[Start of Attachment]
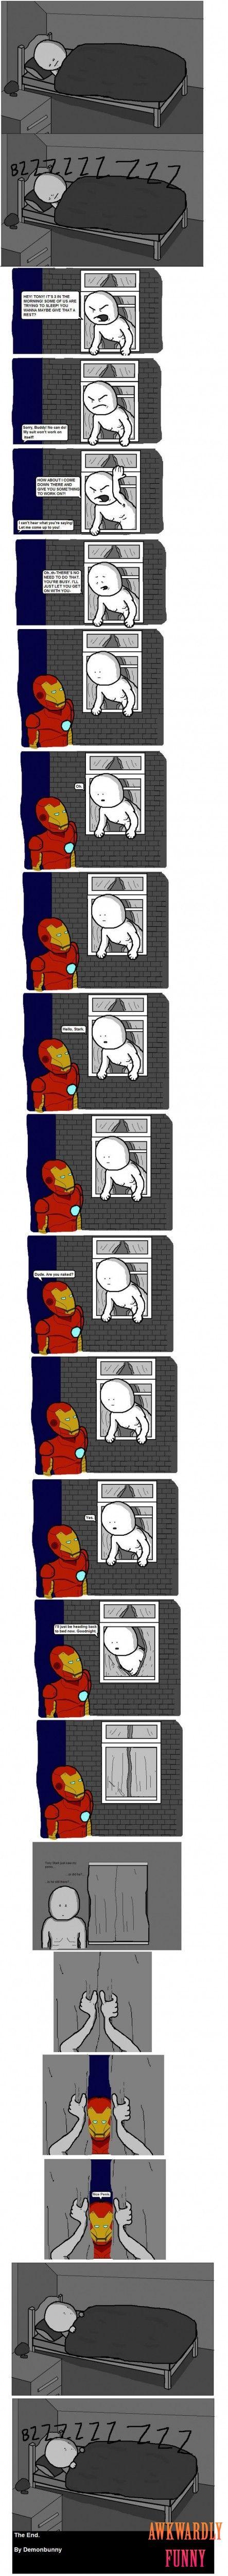 ROFL!!! Living next to Iron Man
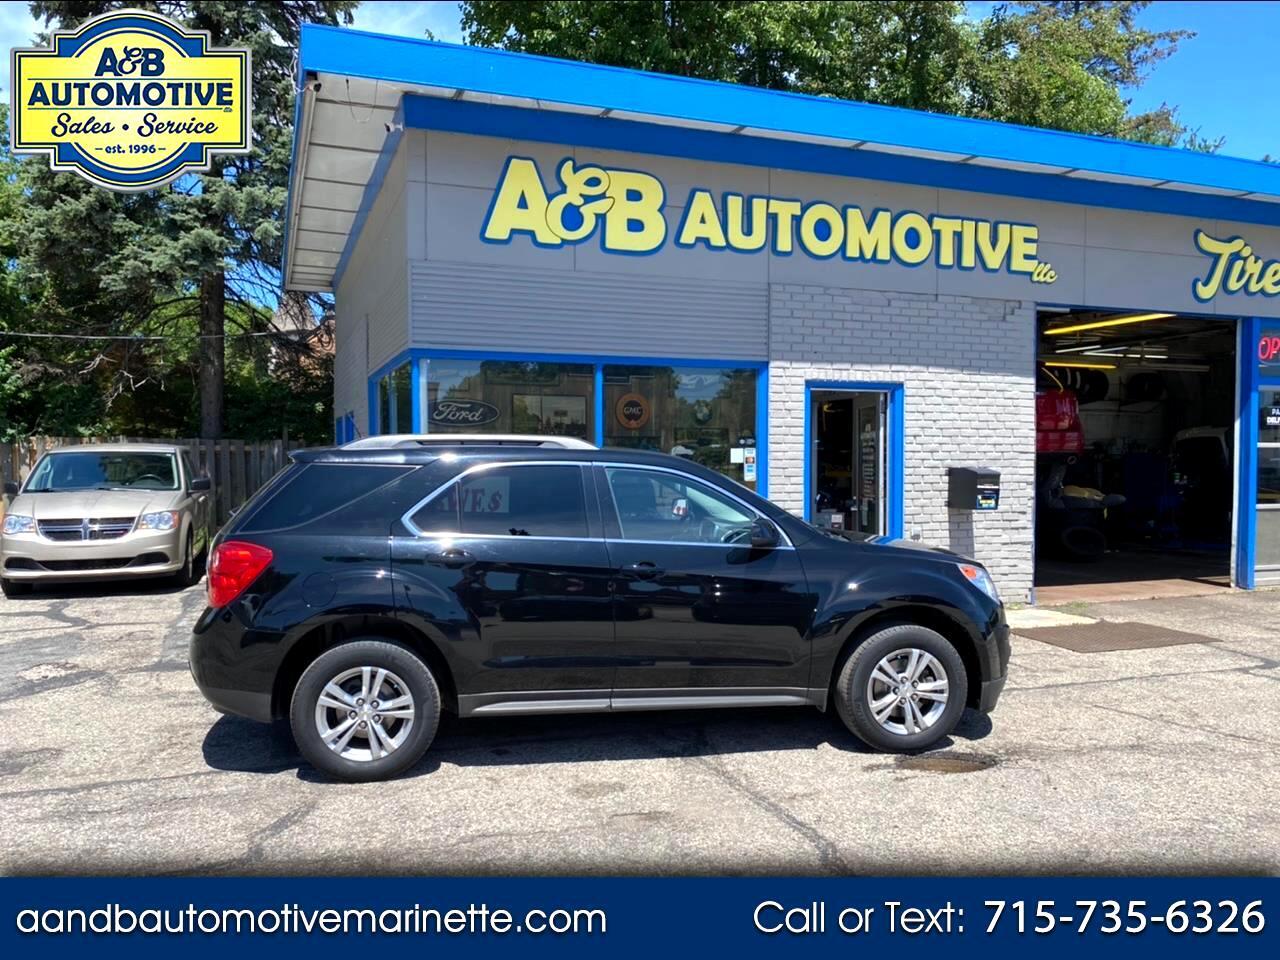 Chevrolet Equinox FWD 4dr LT w/1LT 2014
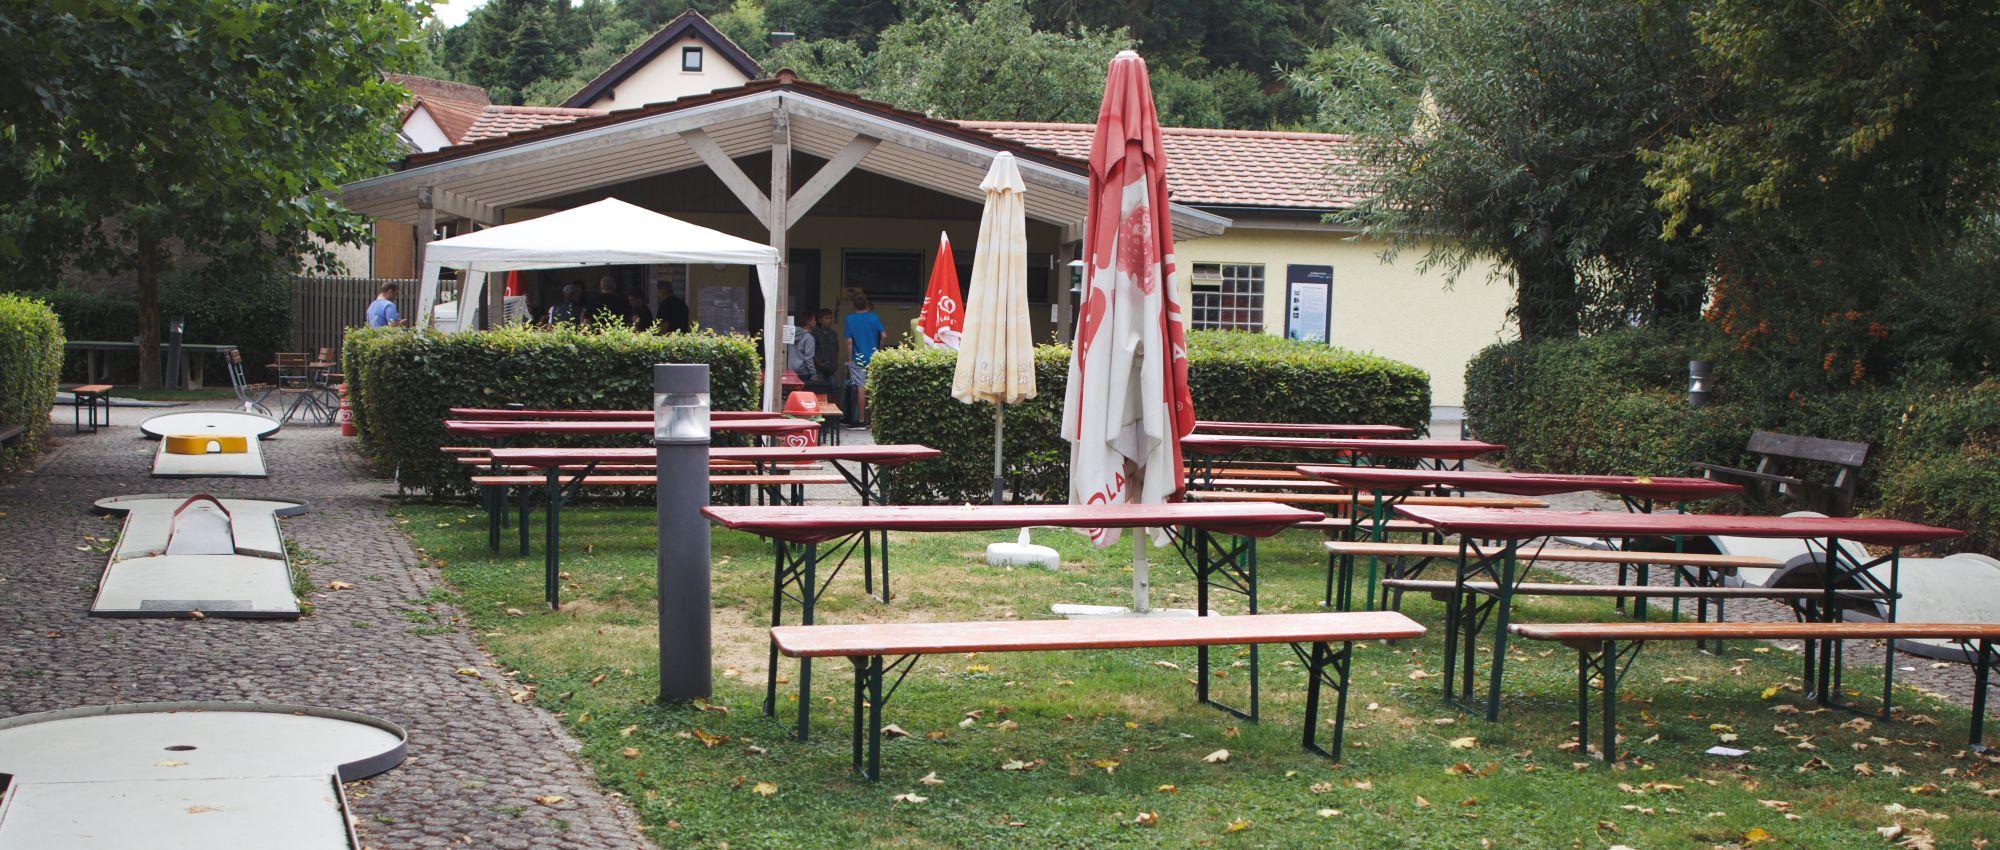 Dürrbachpark Minigolfanlage Güntersleben
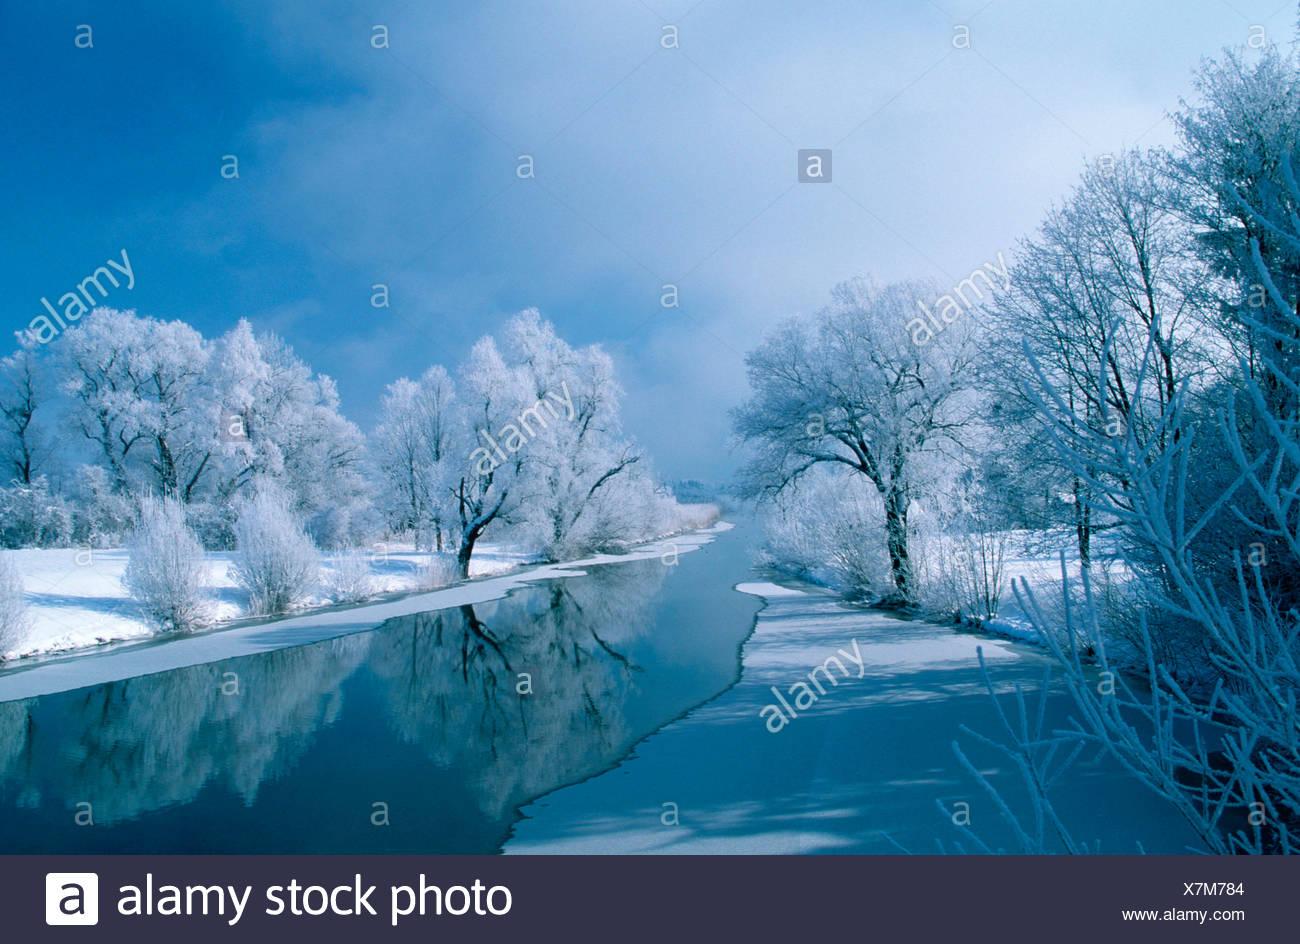 River Loisach / Fluss Loisach - Stock Image
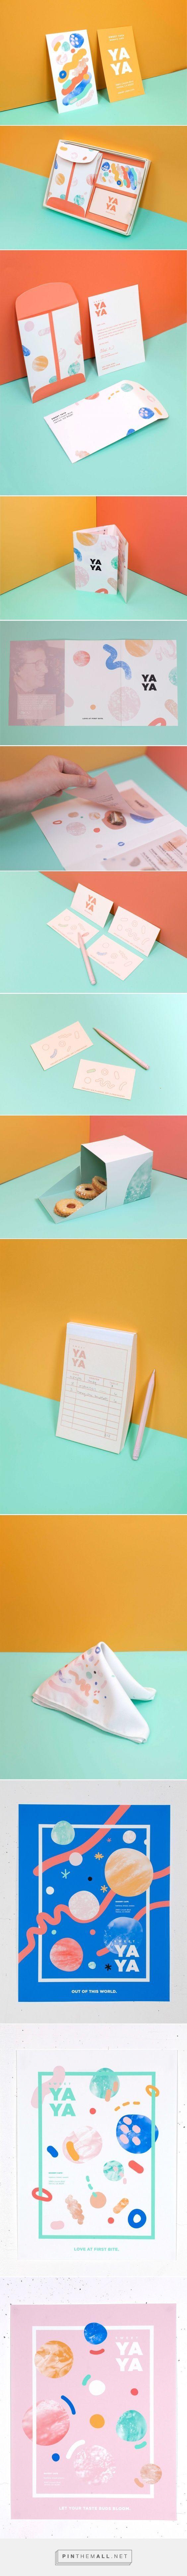 Sweet Yaya Bakery Branding by Sara Haas | Fivestar Branding Agency – Design and Branding Agency & Curated Inspiration Gallery
[End of Attachment]
## [WHAT IS BEING ASKED]
Word for word, print the material above, but without its pictures.

## [SOLUTION]
 ROFL!!! Living next to Iron Man
 Chevrolet Equinox FWD 4dr LT w/1LT 2014
 Dürrbachpark Minigolfanlage Güntersleben
 River Loisach / Fluss Loisach - Stock Image
 Sweet Yaya Bakery Branding by Sara Haas | Fivestar Branding Agency – Design and Branding Agency & Curated Inspiration Gallery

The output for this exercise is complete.